DIABETE TIPO 2: ATTENZIONE AI CIBI ULTRA-ELABORATI

I cibi altamente elaborati (“ultraprocessed foods”) sono spesso ricchi di zuccheri, grassi e calorie. Il consumo di questi cibi è stato collegato a un aumento del rischio di sviluppare un’ampia varietà di problemi di salute tra cui malattie cardiovascolari, ipertensione, iperlipidemia, obesità e alcuni tipi di cancro. Uno studio condotto dall’Università di Parigi offre ulteriori prove che collegano il consumo di questi alimenti allo sviluppo di diabete mellito di tipo 2 (DM2).
I ricercatori hanno esaminato i dati relativi a 104.707 adulti non diabetici, 21.800 [20.8%] uomini e 82.907 [79.2%] donne. I partecipanti avevano in media 43 anni all’inizio dello studio e la maggior parte è stata seguita per almeno sei anni. Complessivamente, circa il 17% dell’alimentazione dei partecipanti consisteva in alimenti ultra-elaborati. Il consumo di tali alimenti era maggiore nei soggetti giovani, obesi, fumatori e che svolgevano scarsa attività fisica; inoltre, i soggetti che consumavano maggiori quantità di questi cibi tendevano a introdurre un maggior numero di calorie, con un’alimentazione di scarsa qualità. Durante il periodo di studio, a 821 individui è stato diagnosticato un DM2. I partecipanti sono stati suddivisi in quartili in base al consumo di cibi ultra-elaborati.
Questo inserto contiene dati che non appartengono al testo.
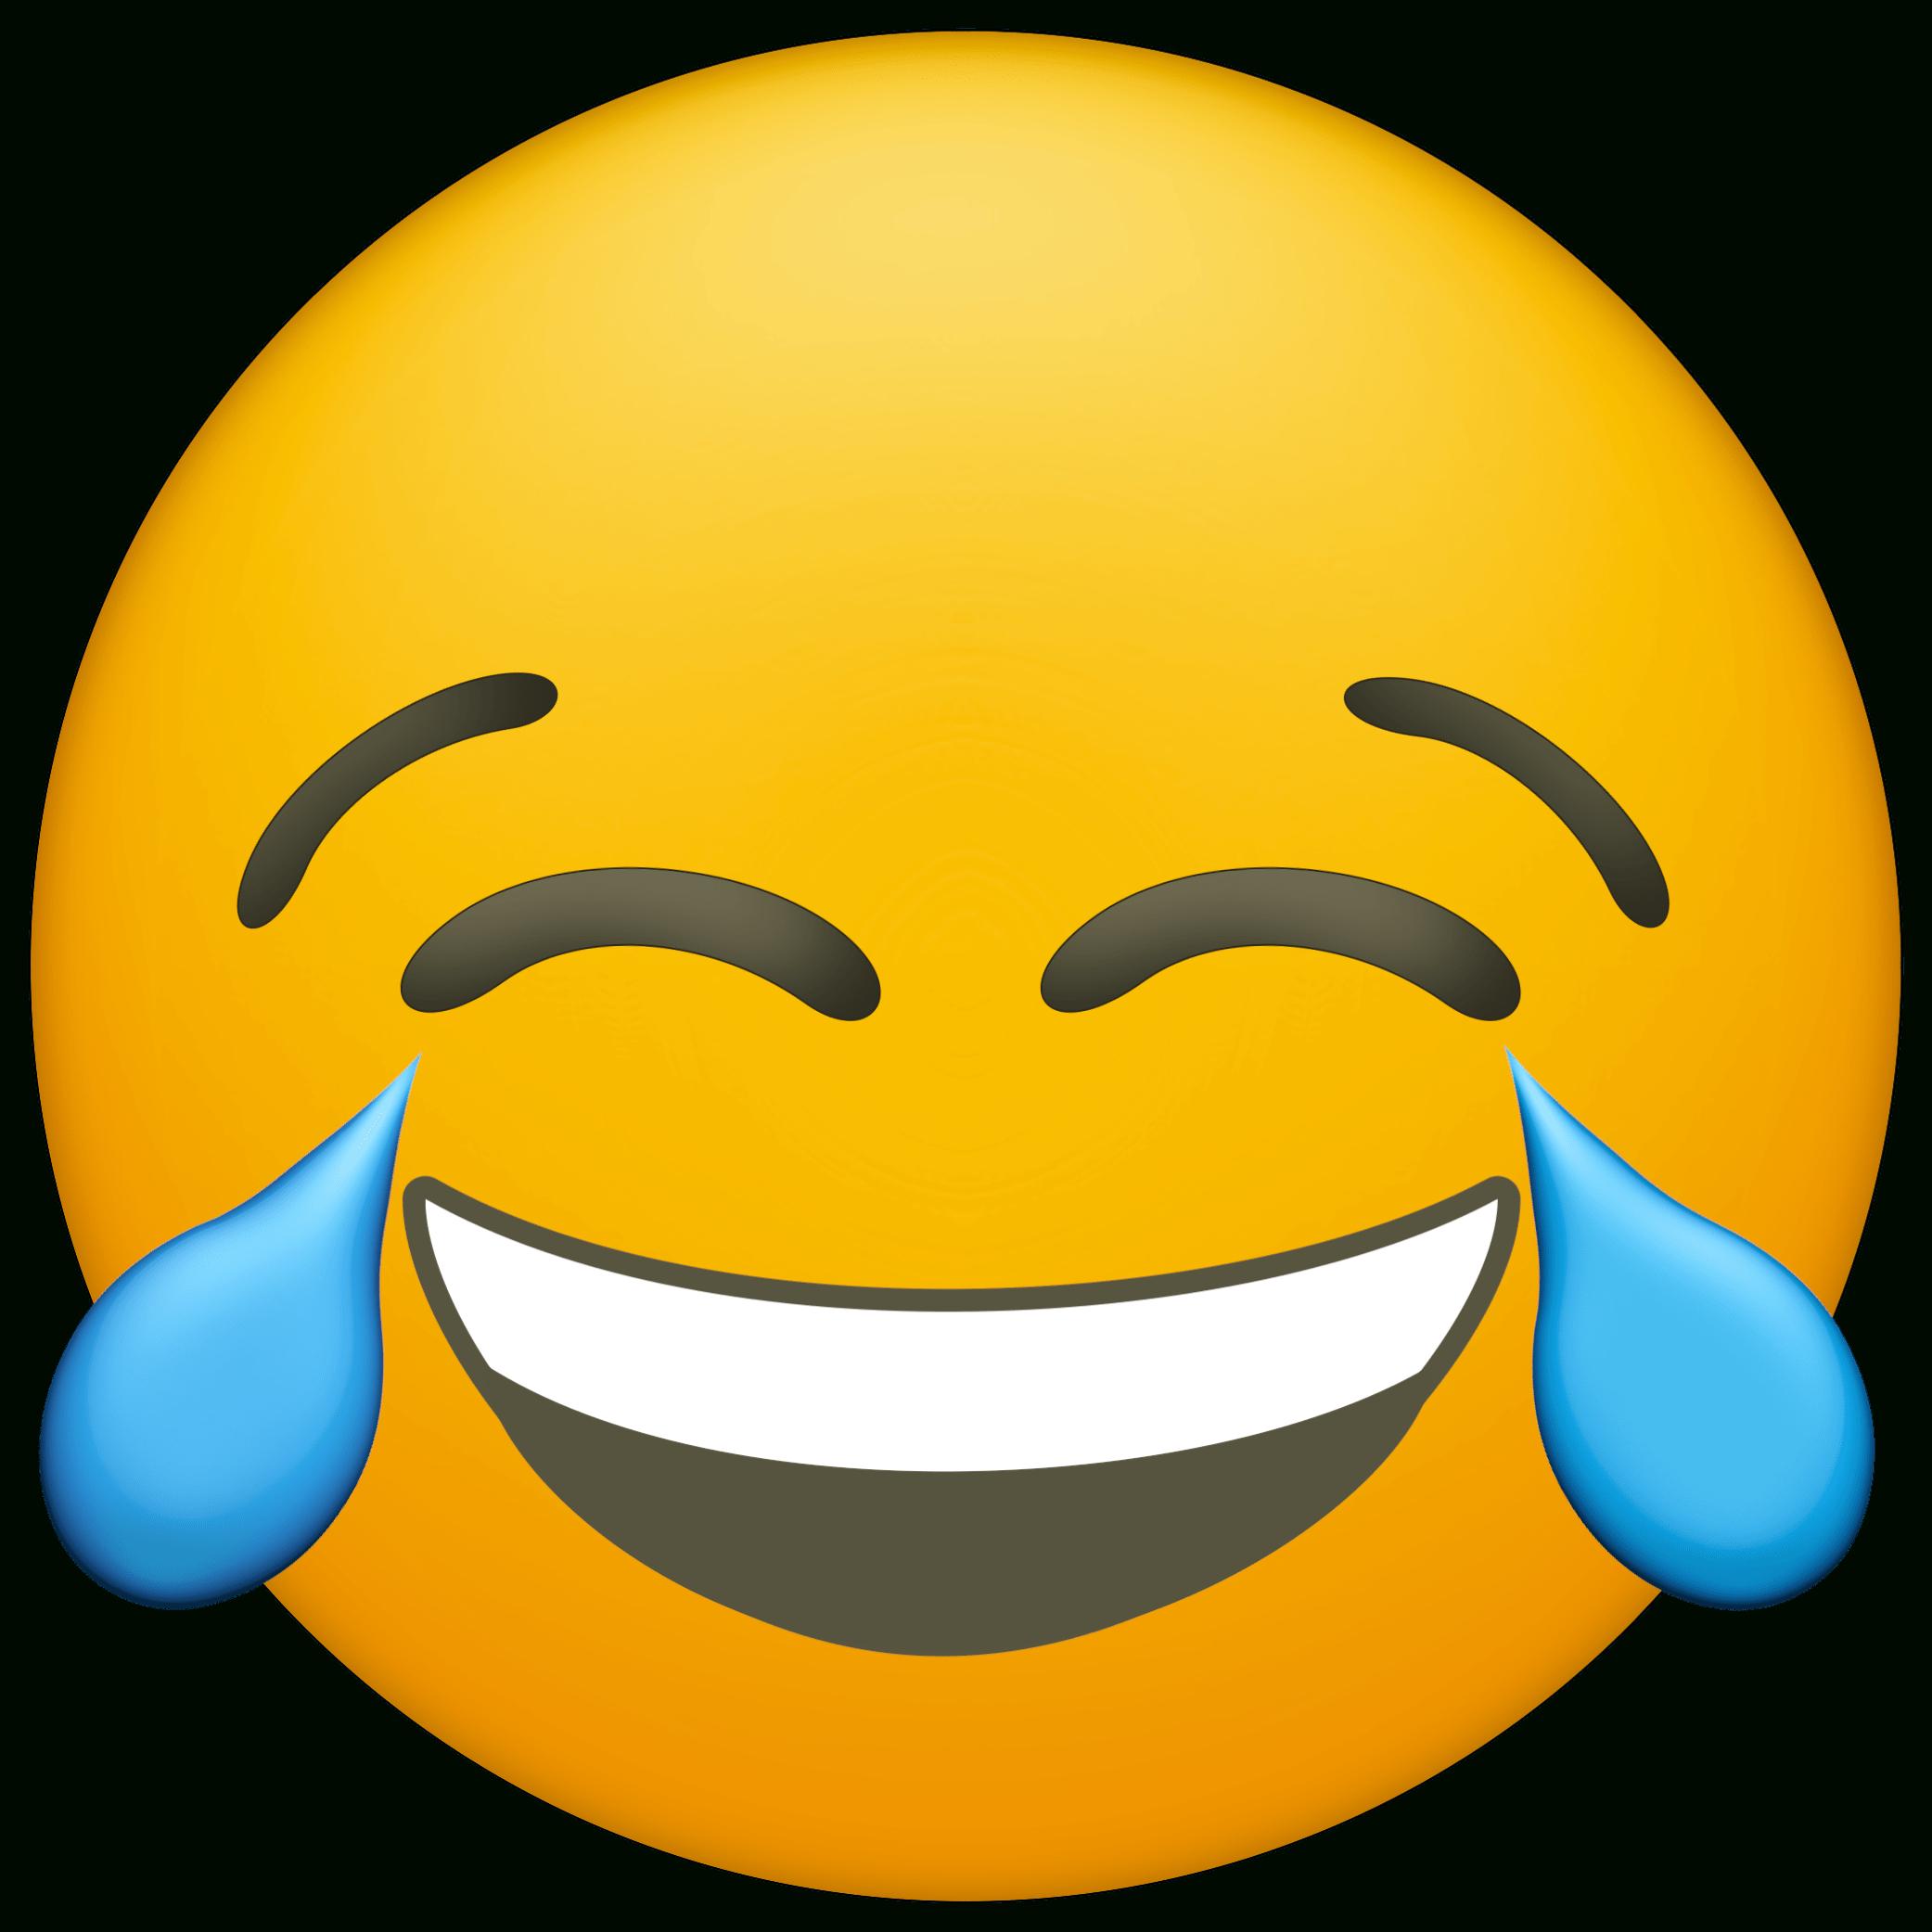 Emoji Faces Printable {Free Emoji Printables} - Paper Trail Design - Free Emoji Printables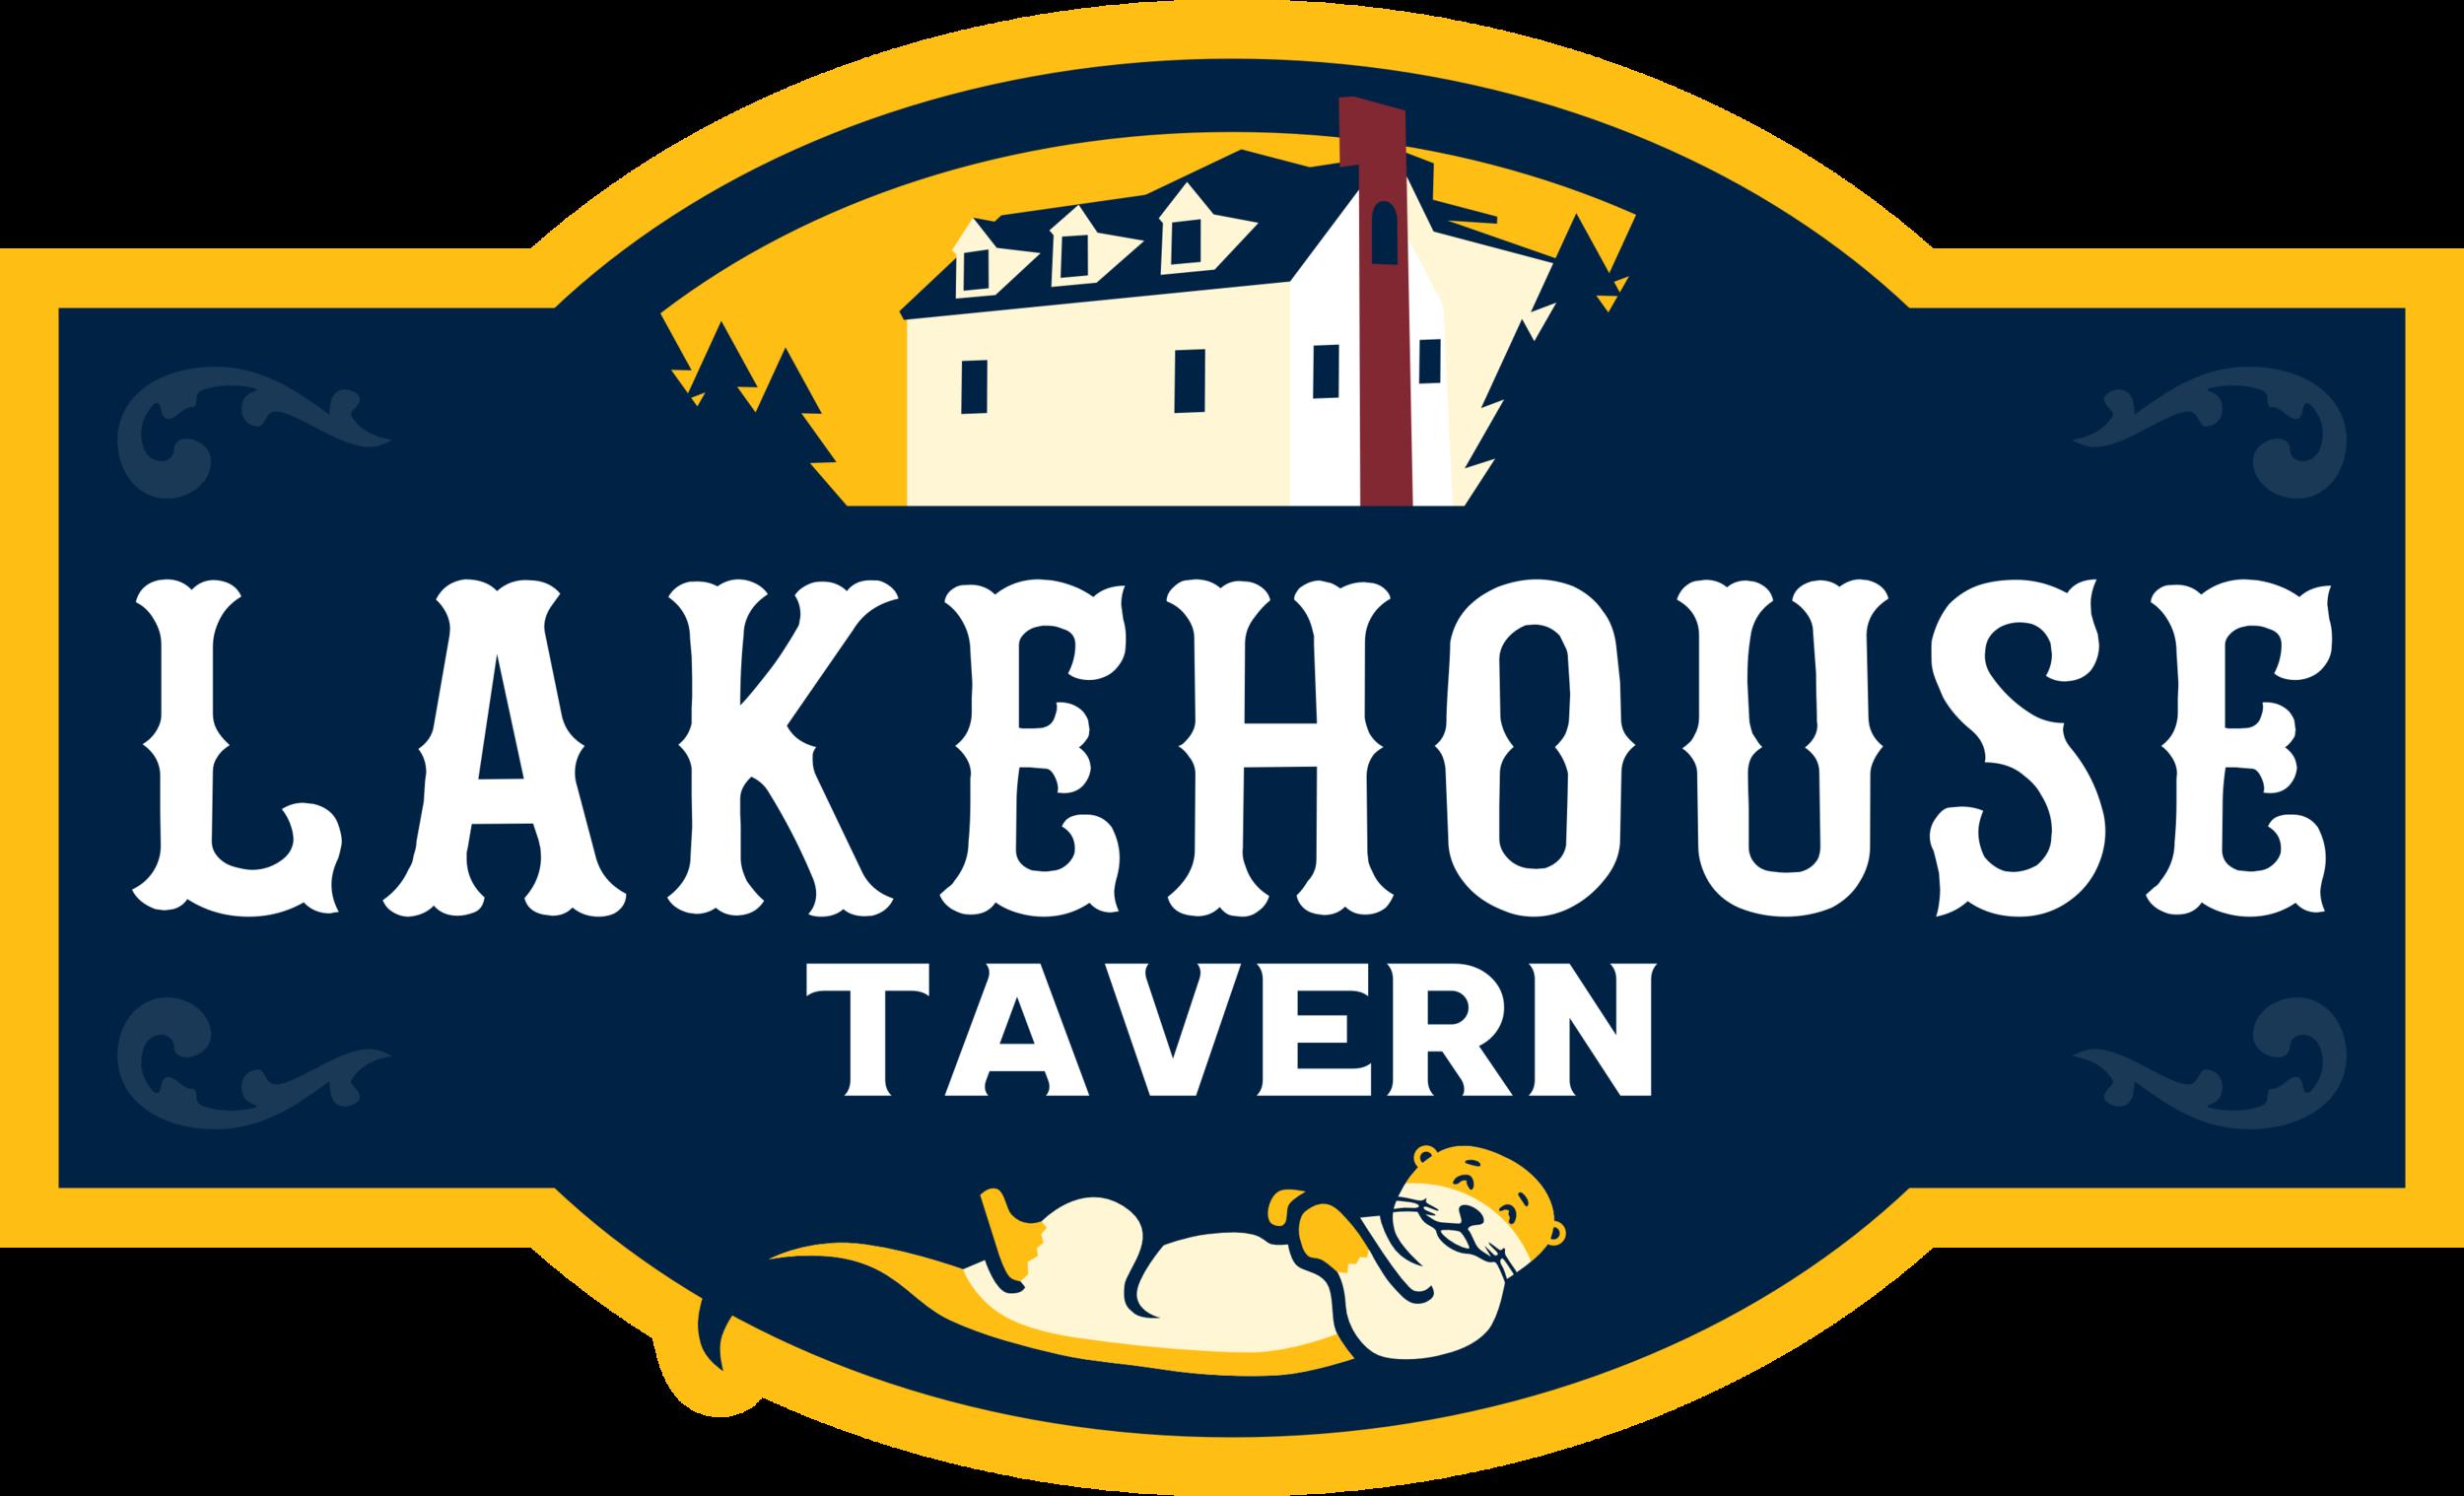 Lakehouse_Tavern_Primary_Logo_Full.png

All’aumentare del consumo ha corrisposto un progressivo aumento nell’incidenza di DM2: 113, 125, 143 e 166 casi per 100.000 anni-persona dal primo (minor consumo) al quarto (maggior consumo) quartile. Ogni aumento di 10 punti percentuali nella quantità di alimenti ultra-elaborati consumata è stato associato a un rischio aumentato del 15% di sviluppare diabete. La connessione tra alimenti ultra-elaborati e diabete permane anche dopo correzione per una serie di marcatori della qualità nutrizionale, per presenza di disturbi metabolici e per eventuali aumenti di peso.
Un’ulteriore prova che limitare il consumo di alimenti ultra-elaborati e privilegiare alimenti non trasformati o minimamente trasformati, oltre a mantenere un’alimentazione nutrizionalmente sana, a basso contenuto di sale, zucchero e grassi, fa bene alla salute.

JAMA Intern Med (IF=20.768) 16 Dec 2019. doi: 10.1001/jamainternmed.2019.5942

DIABETE. LA VITAMINA D NON MIGLIORA LA FUNZIONALITÀ RENALE

Vitamina D, acidi grassi omega-3, o una combinazione dei due non hanno effetto sulla funzionalità renale, valutata come velocità di filtrazione glomerulare (eGFR), nei pazienti diabetici. È quanto emerge da uno studio USA in cui 1312 pazienti con diabete di tipo 2 sono stati suddivisi in quattro gruppi, cui sono stati somministrati 2.000 UI di vitamina D3 più 1 grammo di omega 3 (acido eicosapentaenoico e acido docosaesaenoico) al giorno (n=370), vitamina D3 (n=333), omega 3 (n=289), o placebo (n=320) per cinque anni.
L’eGFR media al basale era di 85.8 ml/min/1.73m2, ed è diminuita di 12.4 ml/min/1.73m2 nei 932 pazienti con dati disponibili ad entrambi i punti temporali. Non sono state osservate differenze significative tra i quattro gruppi di trattamento nella variazione dell’eGFR (Figura), nella percentuale di pazienti con un declino dell’eGFR ≥40%, che hanno sviluppato insufficienza renale o deceduti.

In un editoriale di accompagnamento all’articolo, ricercatori della Duke University School of Medicine di Durham, nella Carolina del Nord, segnalano che queste evidenze rafforzano il concetto che, negli studi clinici randomizzati, l’integrazione con vitamina D non produce alcun beneficio sulla funzionalità renale. “Ora si può affermare che molte associazioni epidemiologiche tra carenza di vitamina D ed effetti negativi per la salute erano guidate da fattori confondenti residui non misurati; l’unica associazione valida sembra essere quella tra vitamina D e i benefici per le ossa”.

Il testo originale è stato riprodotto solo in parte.